Carbondale Arts presented “The Near Distance”, featuring Kirk Robinson, with an opening reception to the public at the R2 Gallery in The Launchpad in Carbondale on Friday, Oct. 12, from 6p.m. to 8p.m. A special preview for gallery patrons and Carbondale Arts members took place at 5:30pm.
In Kirk’s most recent body of work, the idea of distance extended past fundamental process and into the concept of the paintings. For these paintings he’d given the model an averted focal point for their eyes. They are not fully engaged by the camera and their mind wanders as they stare off. The result was a portrait that was intimate in its study of their likeness but also left a void for what resided in that distance. The viewer’s desire to fill that void with their own experience and emotion is the reason that portraiture is and will always be relevant.

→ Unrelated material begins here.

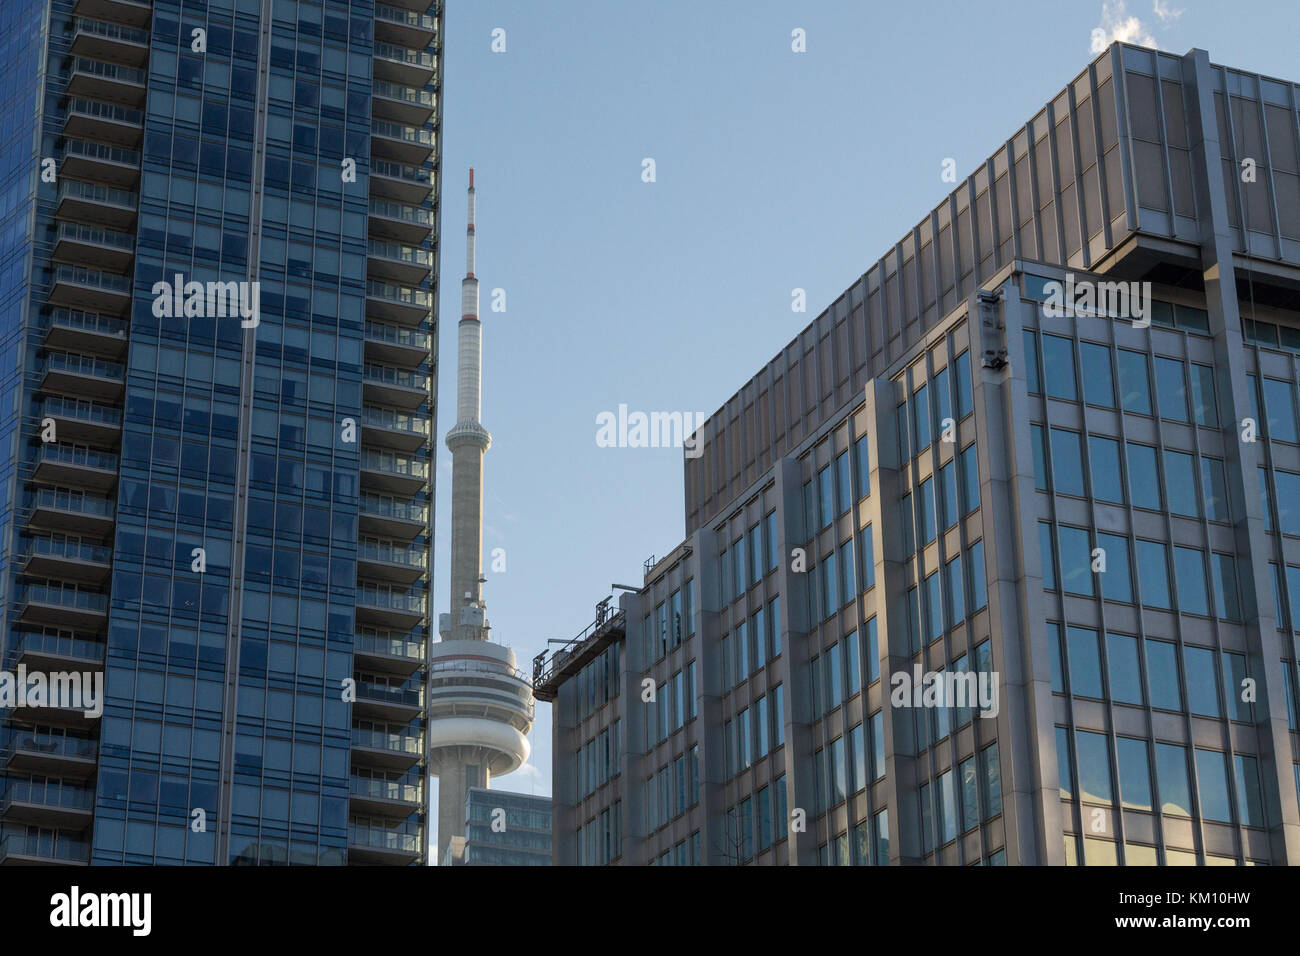 TORONTO, CANADA - DECEMBER 20, 2016: Canadian National Tower (CN Tower) surrounded by more modern buildings in downtown Toronto. CN Tower is the talle Stock Photo

“The Near Distance” was a contradiction that described not only the mood of the paintings but also Kirk’s relationship to the process as the artist. It was important because this show represented a return to his studio. He had painted since 2001 but, like so many artists, came and went from the studio due to the constraints of work and family. Since returning to the valley from the front range of Colorado in 2011, Kirk had shelved much of his studio time and entered a more sporadic period of inactivity than any time previously. But art never leaves an artist, and even if its immediate pursuit must be held at a distance, its grasp on our thoughts is forever near.
“The Near Distance” opened the same evening as “Where The Light Gets In”, a new gallery installation by Vallee Noone. Both shows ran through November 6.